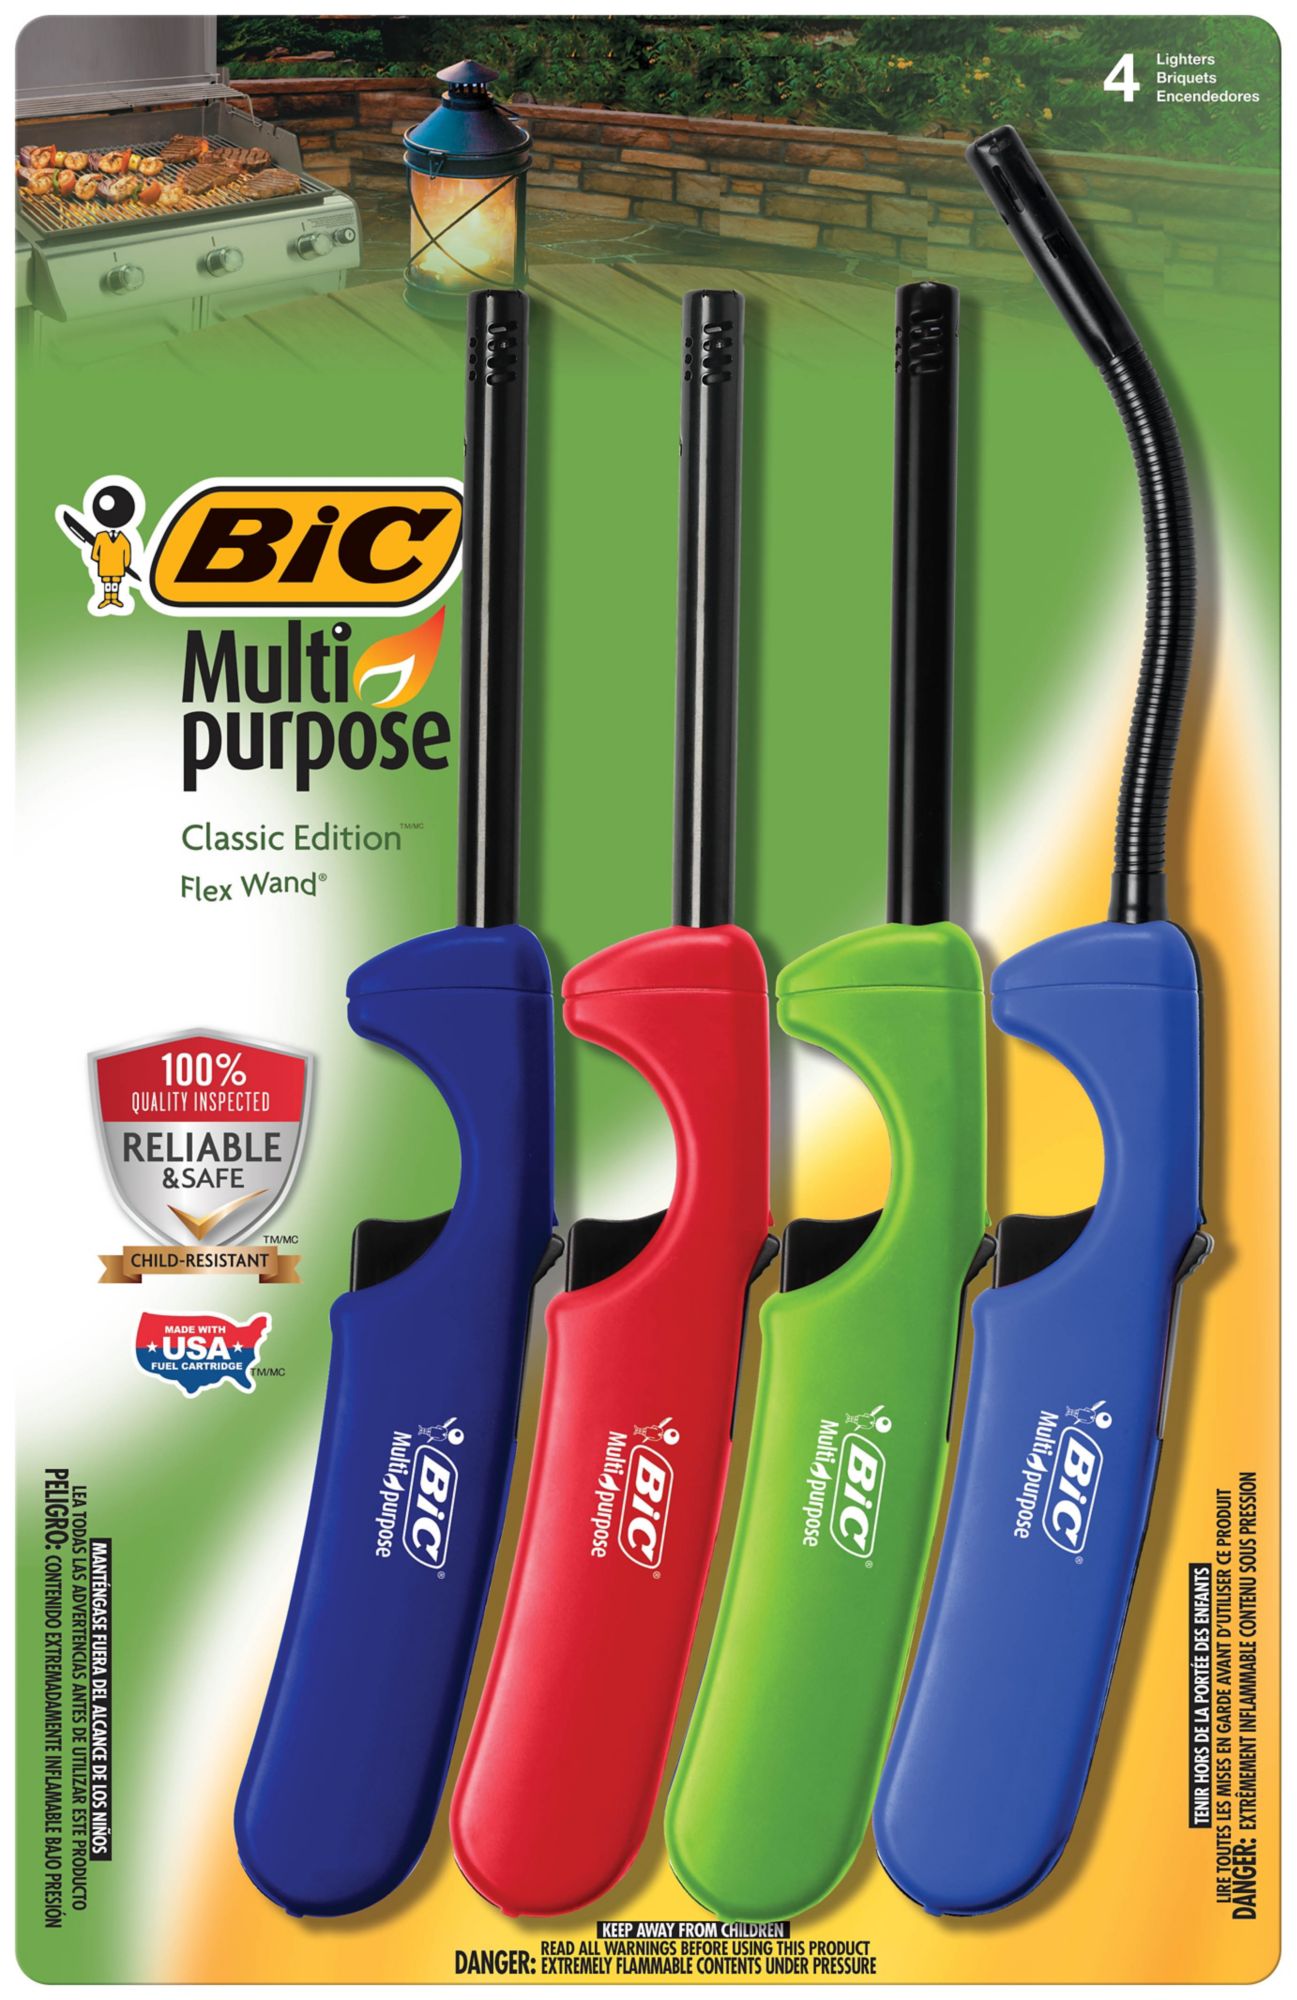 BIC Multi-Purpose 4-Pc. Classic Edition and Flex Wand Lighter Set
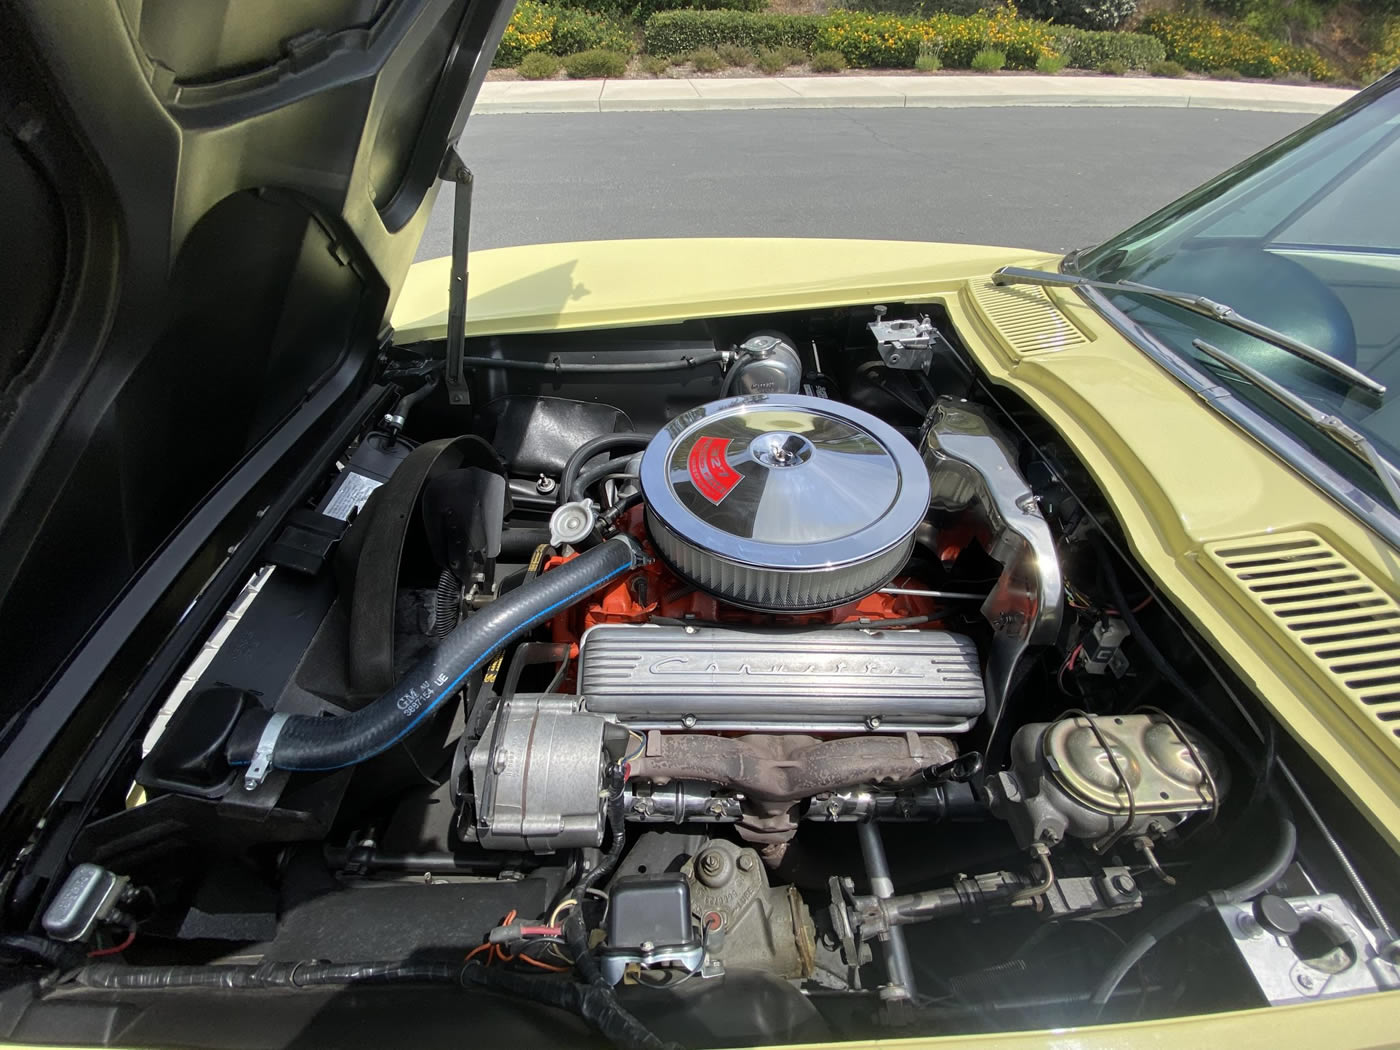 1967 Corvette Coupe L75 327/300 4-Speed in Sunfire Yellow
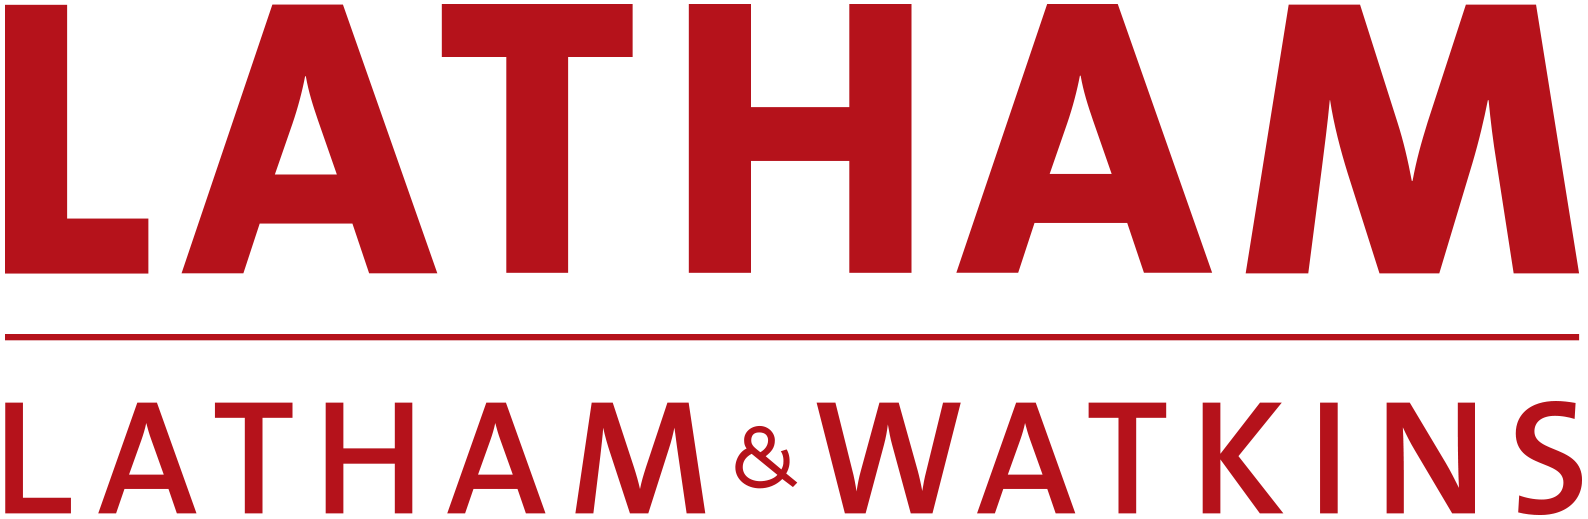 Latham logo.png
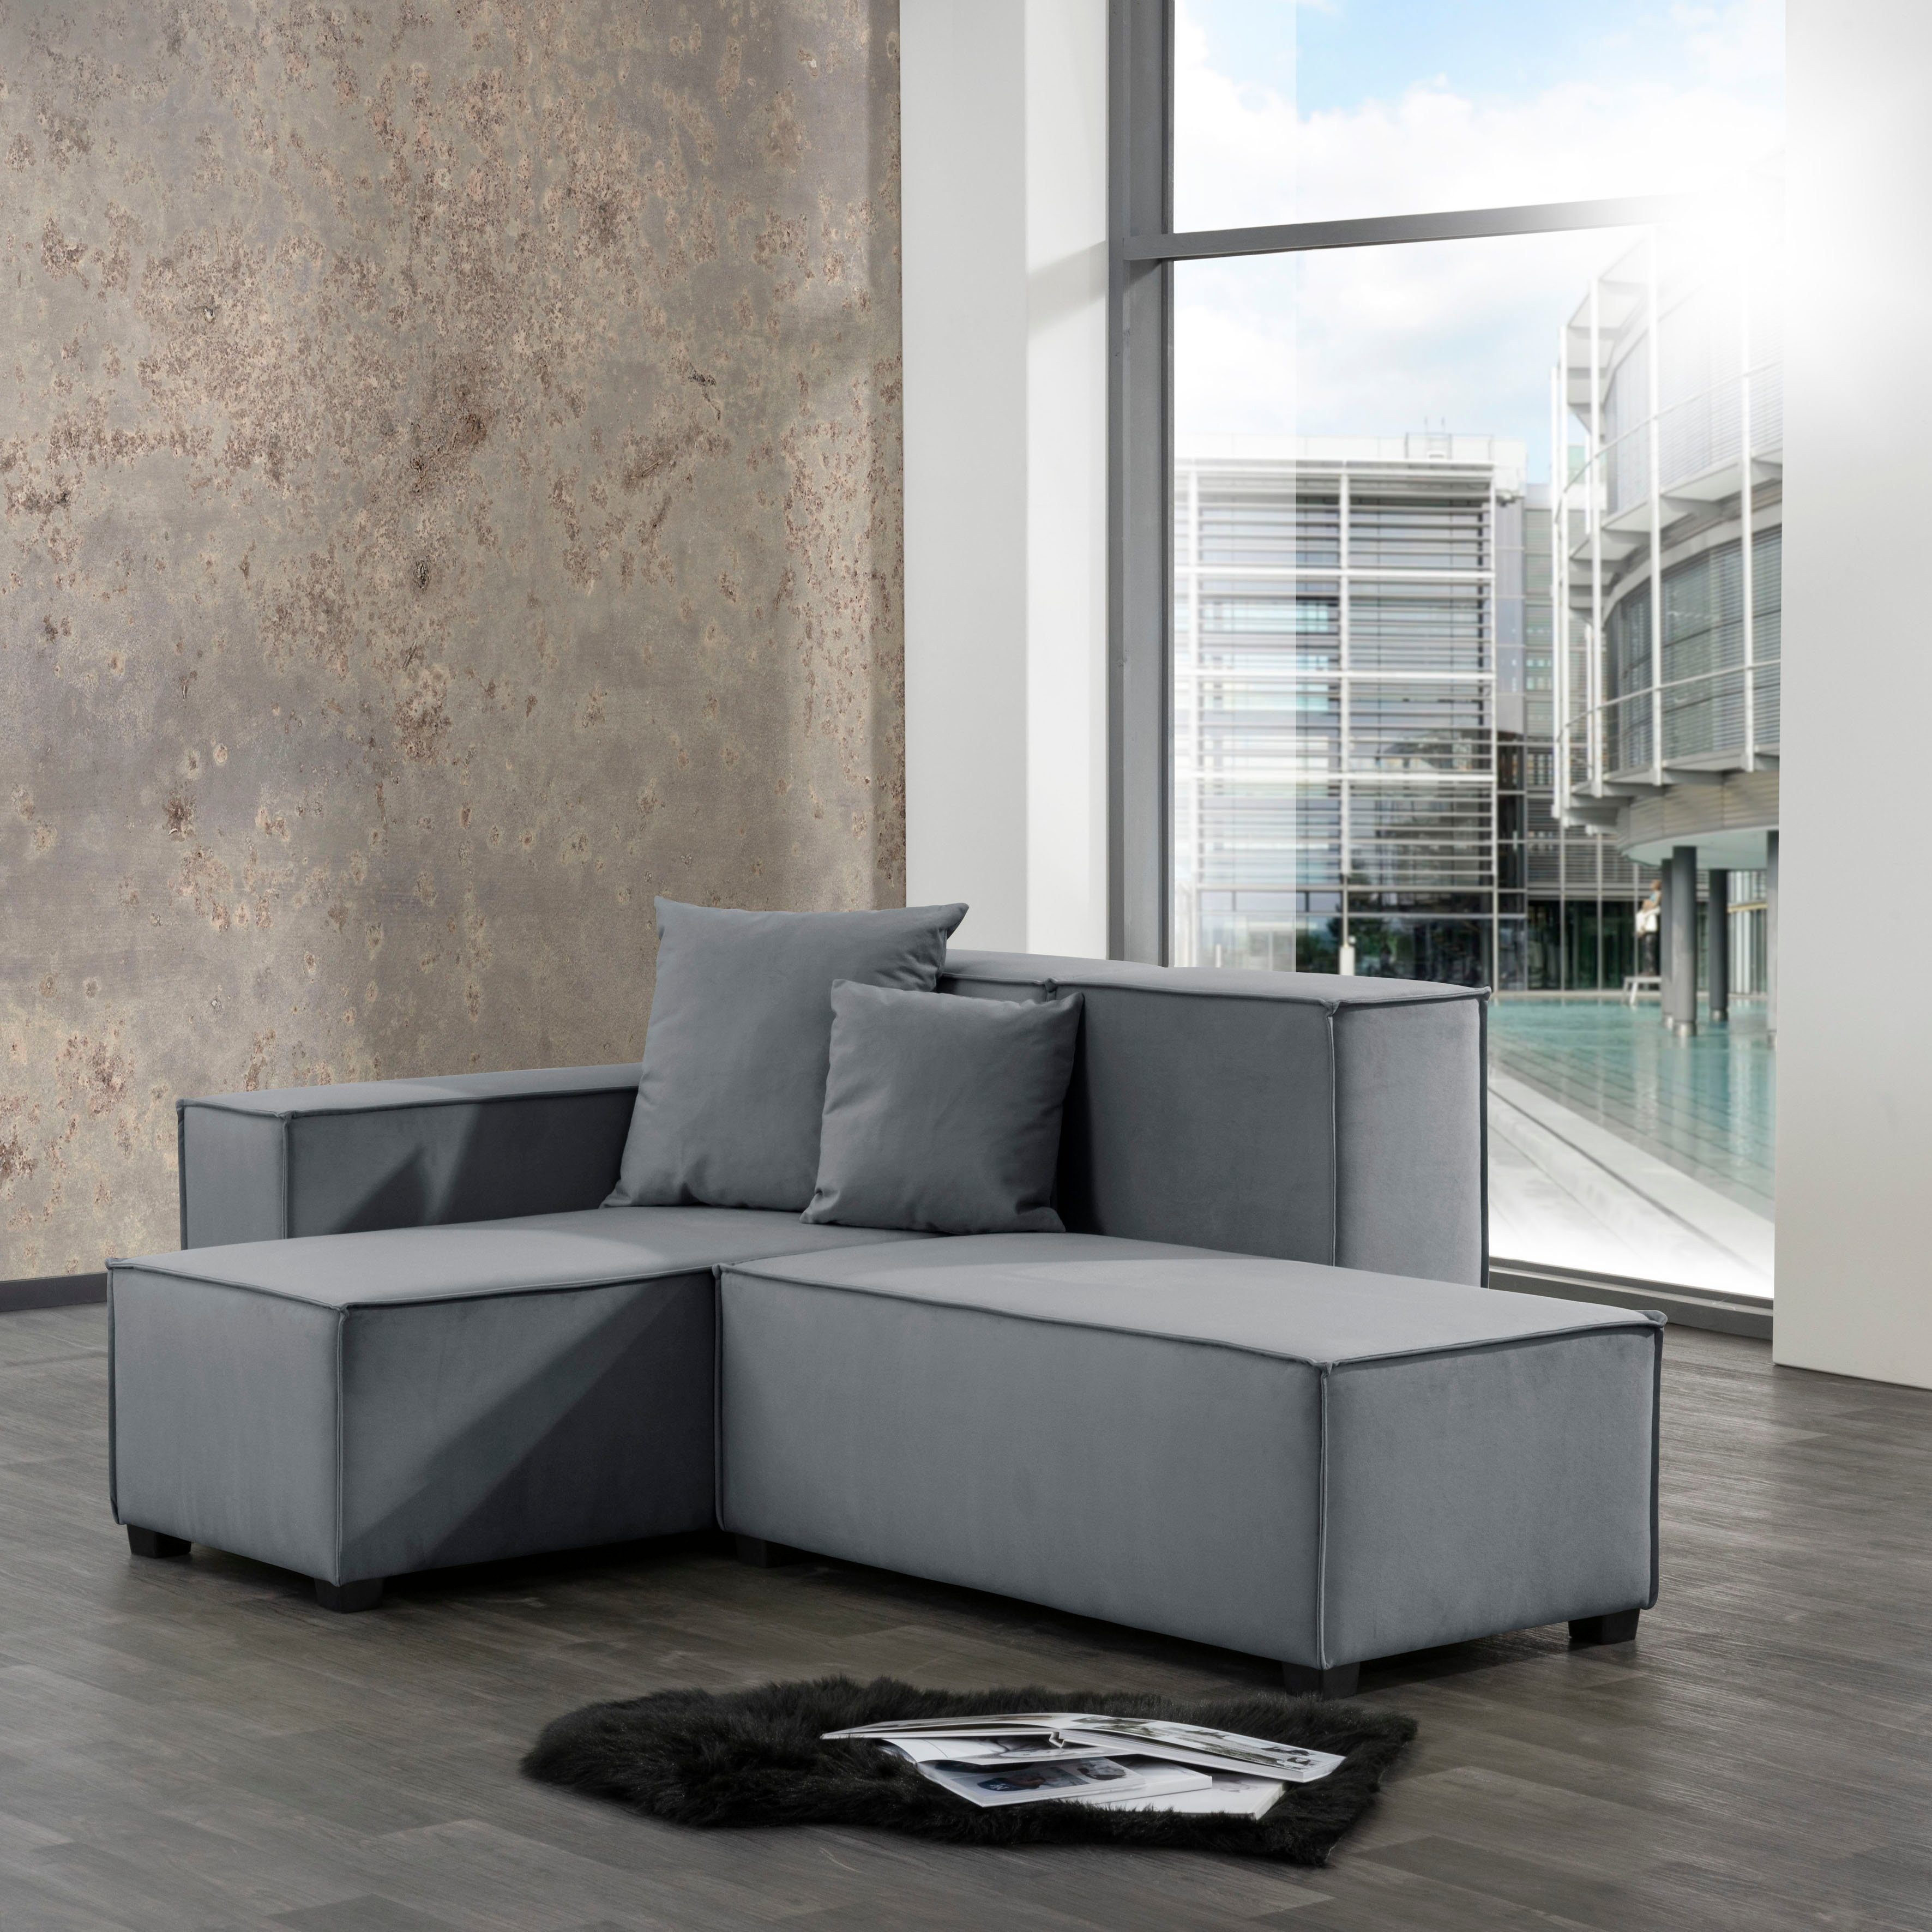 Max Winzer® Wohnlandschaft MOVE, Set, Sofa-Set 07 aus 5 Sitz-Elementen, inklusive 2 Zierkissen, kombinierbar

-=-=-=-=-

Your task: Write the lines above out again exactly, without any of their pictures.

Response below:
 BIC Multi-Purpose 4-Pc. Classic Edition and Flex Wand Lighter Set
 1967 Corvette Coupe L75 327/300 4-Speed in Sunfire Yellow
 Latham logo.png
 Max Winzer® Wohnlandschaft MOVE, Set, Sofa-Set 07 aus 5 Sitz-Elementen, inklusive 2 Zierkissen, kombinierbar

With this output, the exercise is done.